In preparation for her Jan. 3 swear-in date, Haaland attended one week of orientation for new members of Congress in Washington, D.C. She listened to lectures about committee processes, ethics rules and the importance of “franking.”
Franking is an official mark or signature on a letter or parcel to indicate government-paid postage.
“Every time that gets sent through the mail, it deducts from your member account,” Haaland said. “It’s all official, that’s the way you reach your constituents.”
Upon arrival in Washington, D.C., Haaland said, she was greeted with excitement — especially as she was among the many women, including women of color who decided to run because of what they had gone through in their own lives, Haaland said.
“People who have been spurred to action because of their personal history and experience, I’m just honored to serve with those people,” Haaland said.
Despite Haaland being greeted with enthusiasm, Associate Professor of Political Science at the University of New Mexico, Michael S. Rocca, Ph.D., said the Democrats can expect gridlock in Congress.
“The complicated factor here is the Senate,” Rocca said. “They’re not going to be able to get much through the United States Senate because it’s still controlled by the Republicans, and in fact, they gained seats in the Senate.”
Democrats are taking the majority in the House of Representatives, so they will control everything from rules to agendas in the House, Rocca said.
Rocca said Haaland had some structural advantages going into the election because District One is comprised mostly of registered Democrats. But, “descriptive representation” also played a role in Haaland’s historic win, she said.
“It’s the idea that that members of Congress, who they are, what they look like, who they represent, that those descriptive attributes matter in how they do their business and how they do their job in the United States Congress, and that’s a very, very powerful thing,” Rocca said.
Haaland said her Native American upbringing contributed to her inspiration to run for office.
Haaland was raised in a Laguna Pueblo military household, but her mother kept her grounded in their Pueblo beliefs, and whenever they were close to New Mexico, they would visit and participate in their culture.
Haaland spent her summers with her grandparents and would walk down with her grandfather to learn the ways of the land and irrigate the fields, she said.
“All of those things, I felt those cultural things influenced my belief that we need to protect our environment, we need to protect our water,” Haaland said. “That language and culture is important, and we should honor those things for the various cultures we have in this country.”
Haaland got her start in politics as a phone volunteer working on various campaigns, showing up in person and knocking on people’s doors, she said.

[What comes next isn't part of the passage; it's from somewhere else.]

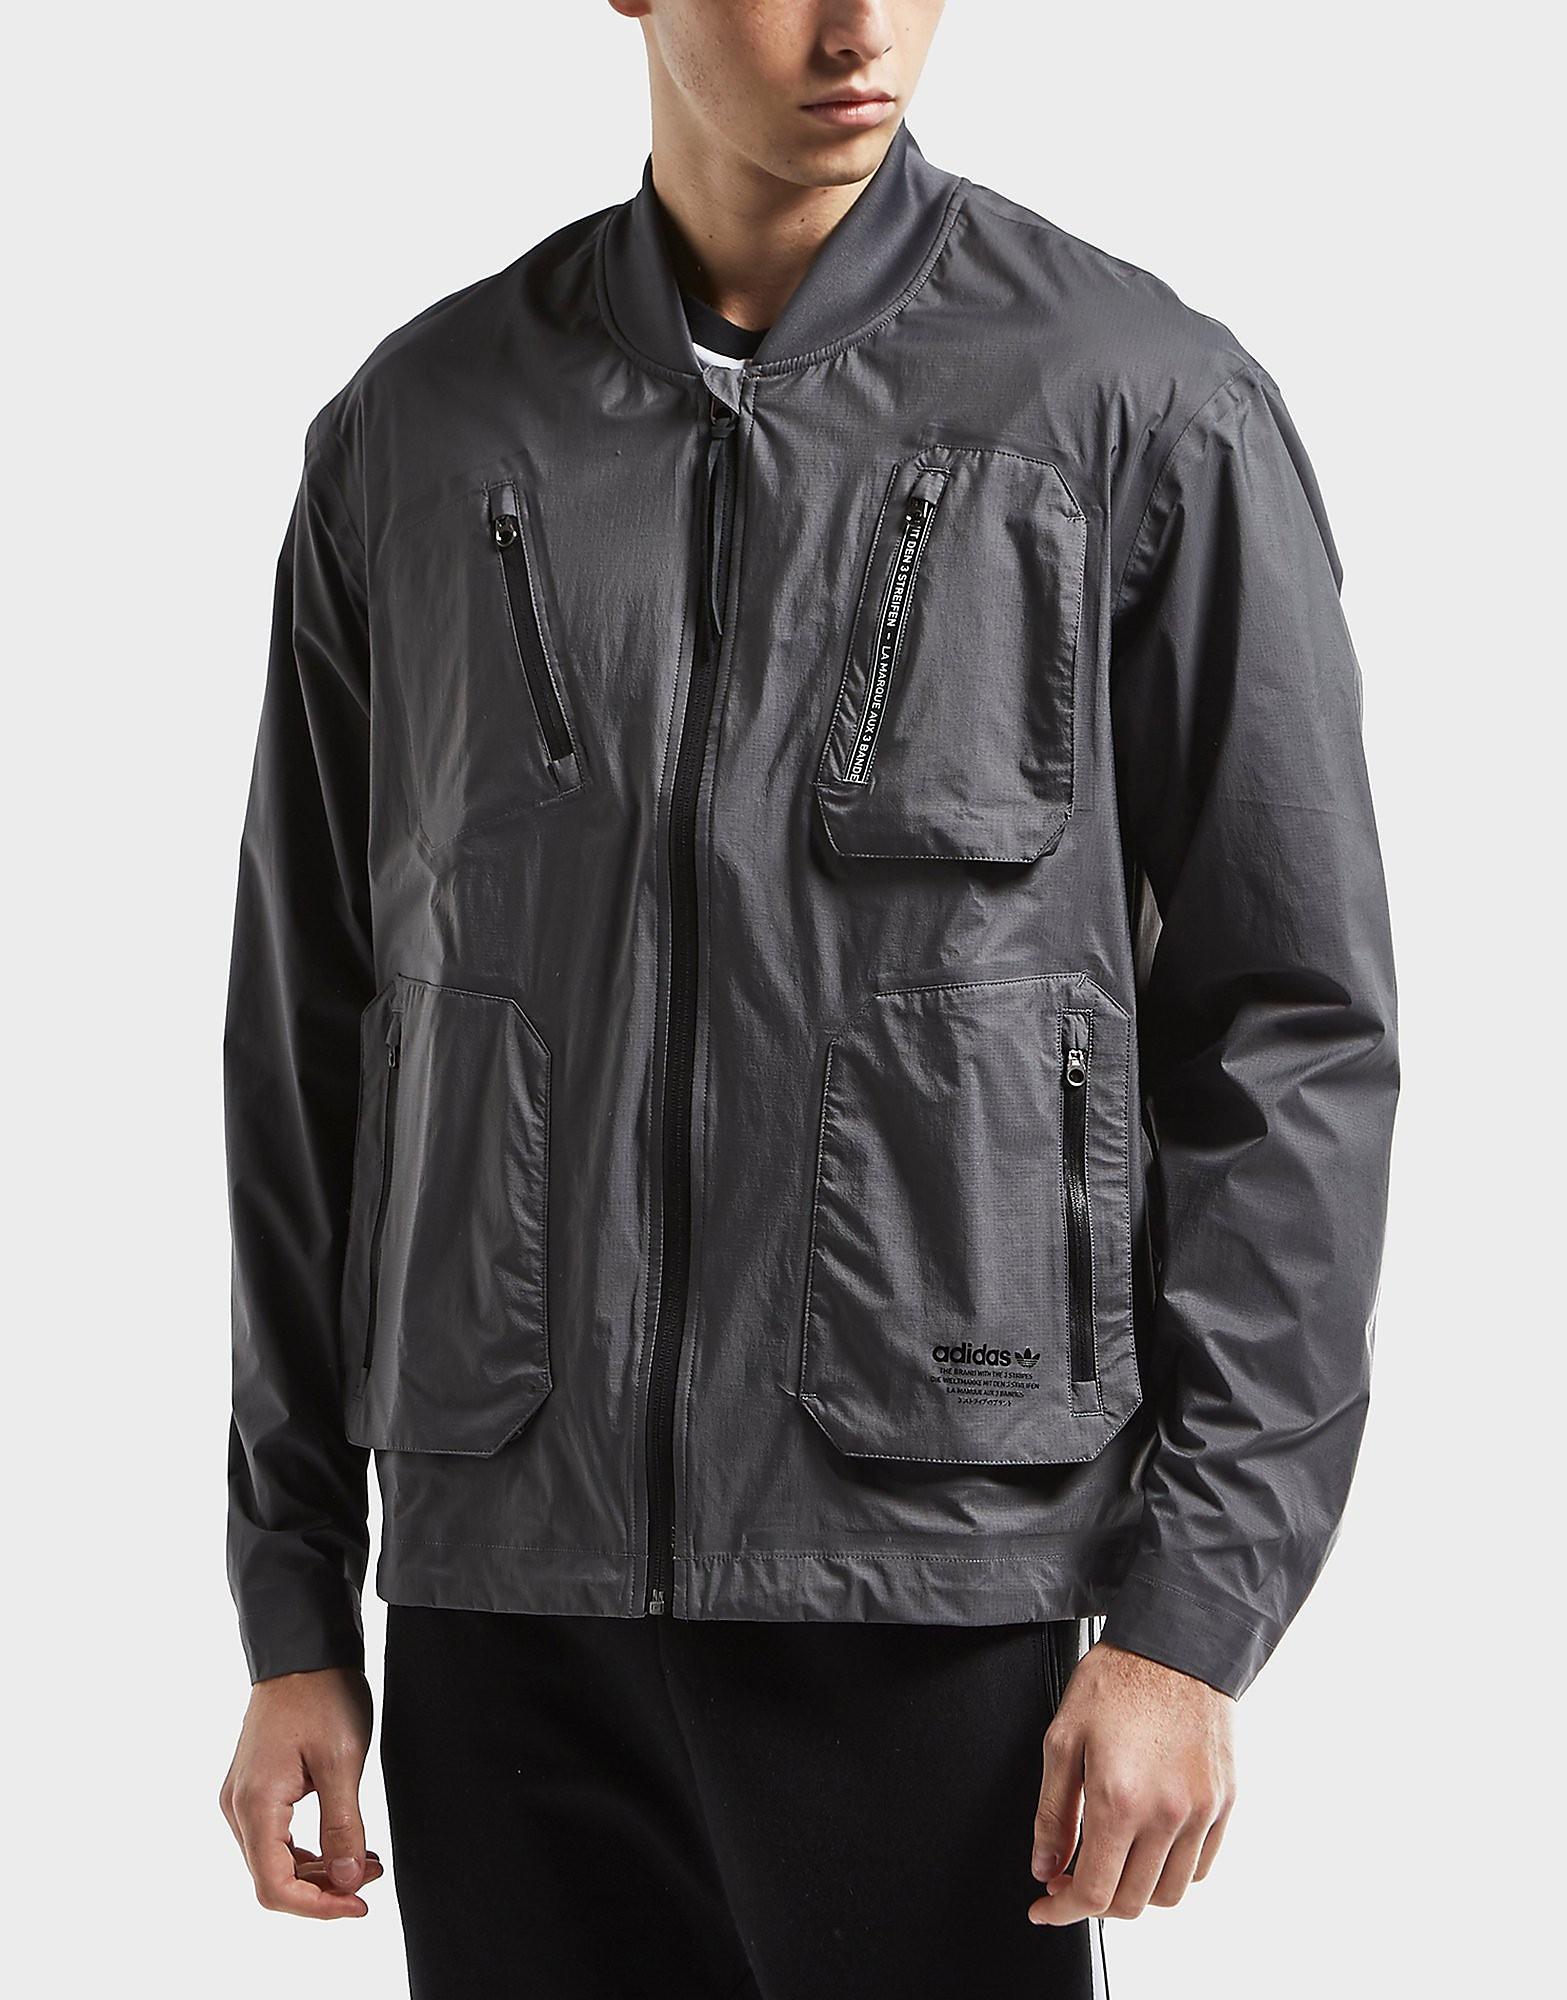 adidas Originals NMD Bomber Jacket

She recalled being inspired to run for office by Democrat Tim Johnson of South Dakota and his race for the U.S. Senate.
People went to bed that election night thinking Johnson had lost to his opponent, but the next morning he won, thanks to votes from Indian country, Haaland said.
“I remembered back in 2002, I was so inspired by that,” she said. “I feel like that’s really the piece of history that originally got me thinking that I could have a part in getting out Indian votes, and that’s exactly what I did here in New Mexico.”

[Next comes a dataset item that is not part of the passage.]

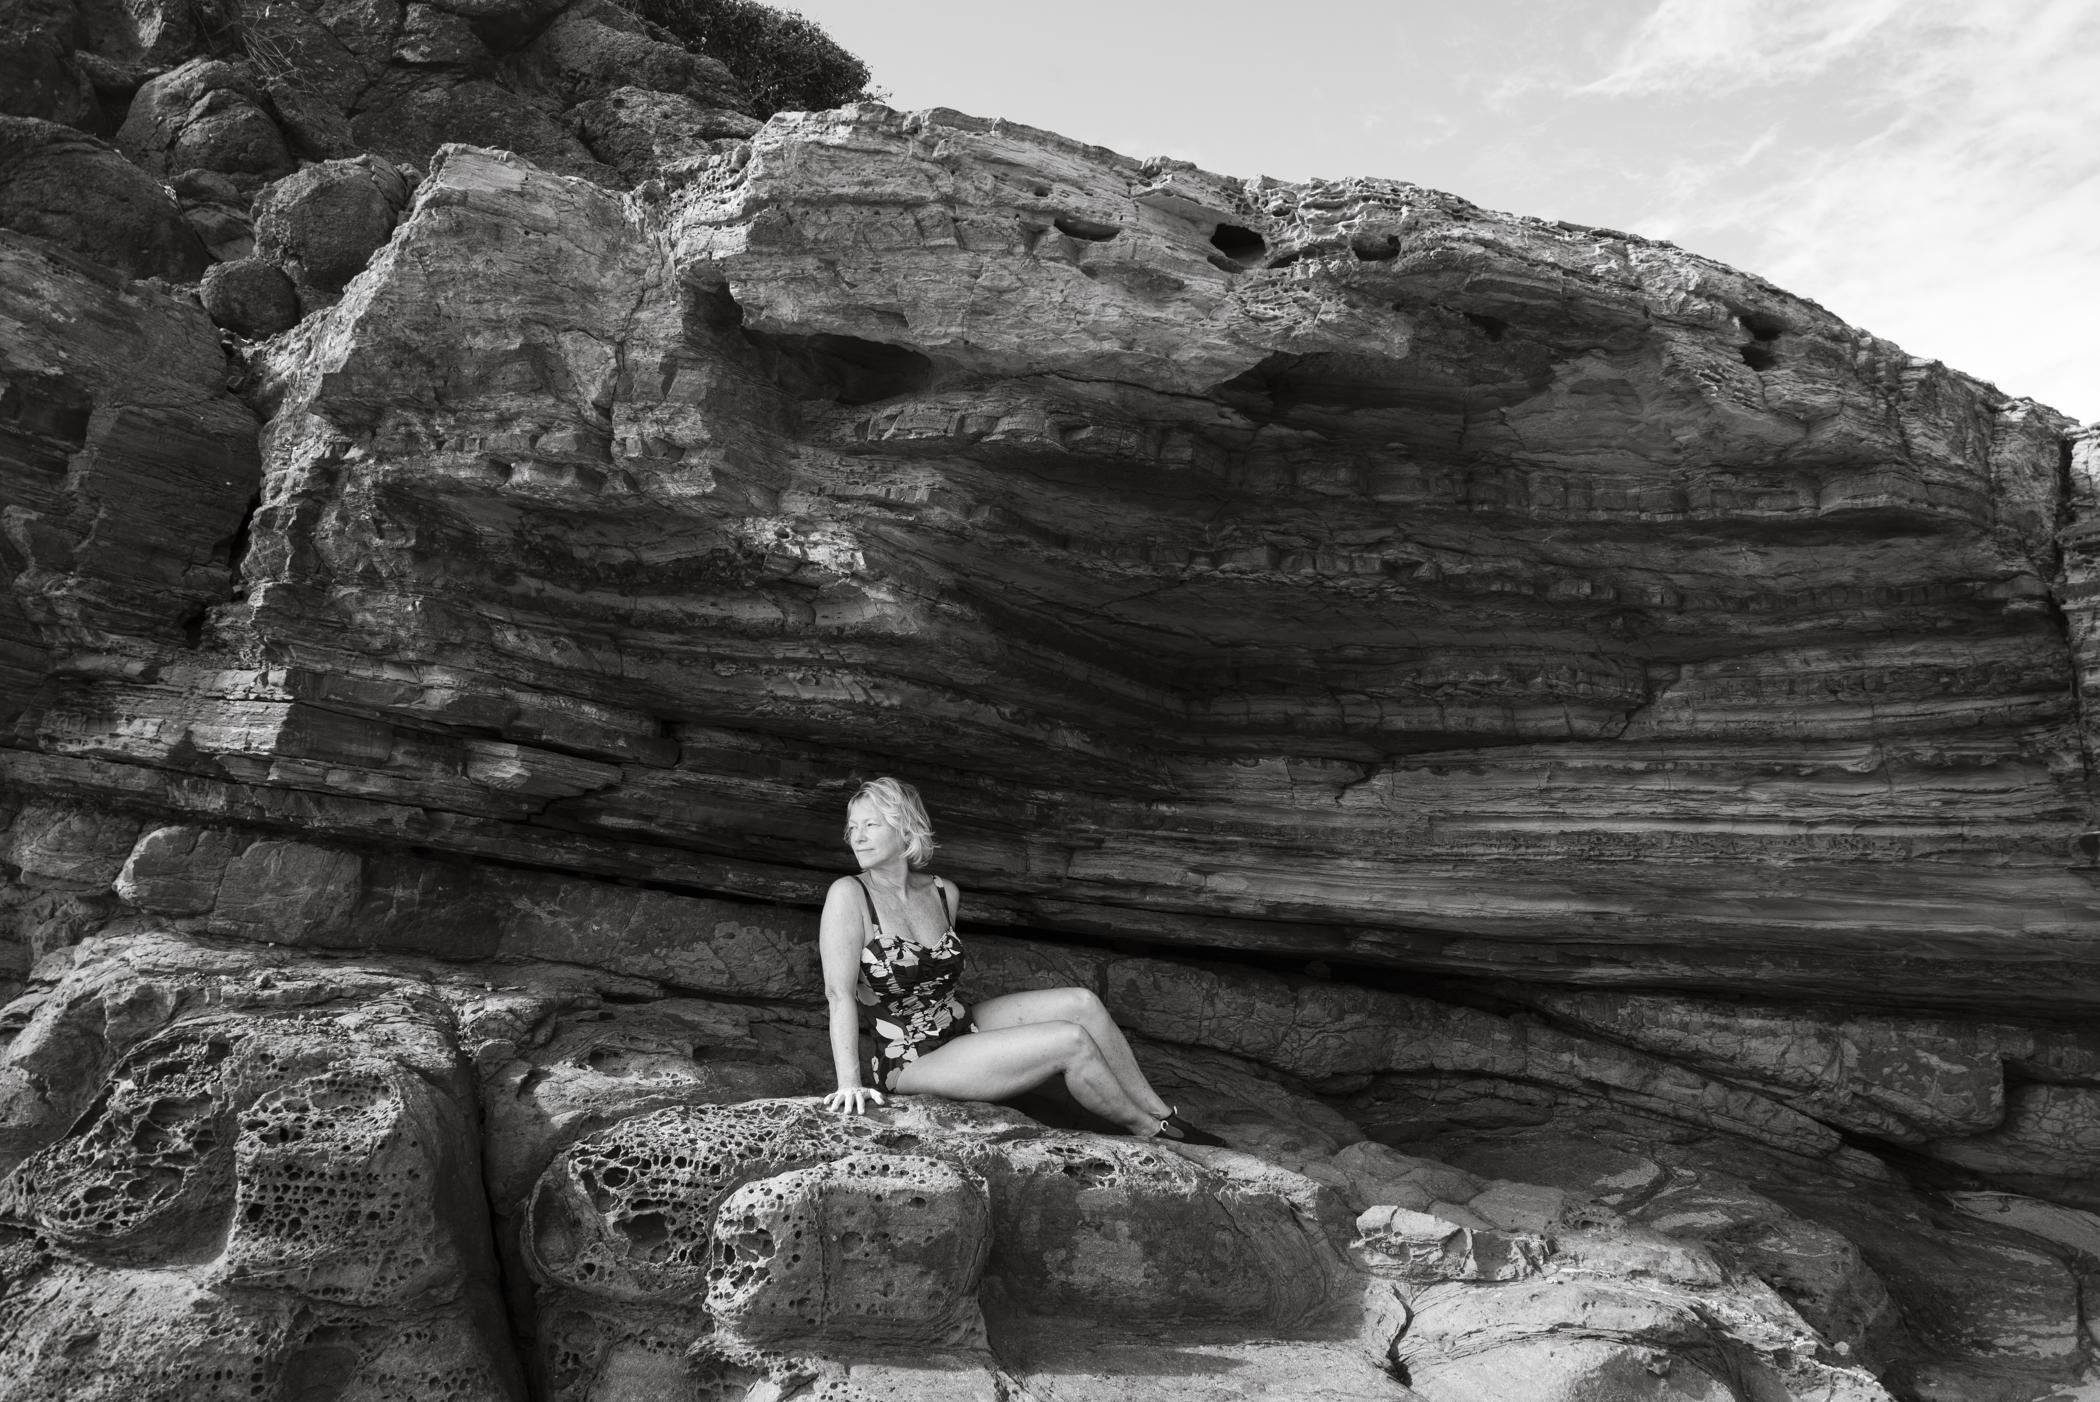 012014-Culebra-JuliaLuckettPhotography-162

Melinda Moffitt volunteered her time to Haaland’s campaign by knocking on doors and seeking donations. She said she looks forward to Haaland in Congress.
“I hope that Deb continues to believe her progressive values, and I really think she will, so that we can expect a champion for our environment, for Native peoples, for all people of color and especially those who have been living in poverty and difficult circumstances,” Moffitt said. “I think she’ll be the champion of all people.”
Although the election is over, Haaland has a few more weeks until she occupies the seat, and a fair bit of work to do.
Haaland is seeking an apartment in Washington, D.C., where she will reside Mondays through Thursdays. Meanwhile, she said she is staffing her Albuquerque office to tend to the needs of her constituents before she leaves.
“So those are all things I’ll work on, having a successful transition from New Mexico to D.C., so that I can be ready to hit the ground running on Jan. 3,” Haaland said.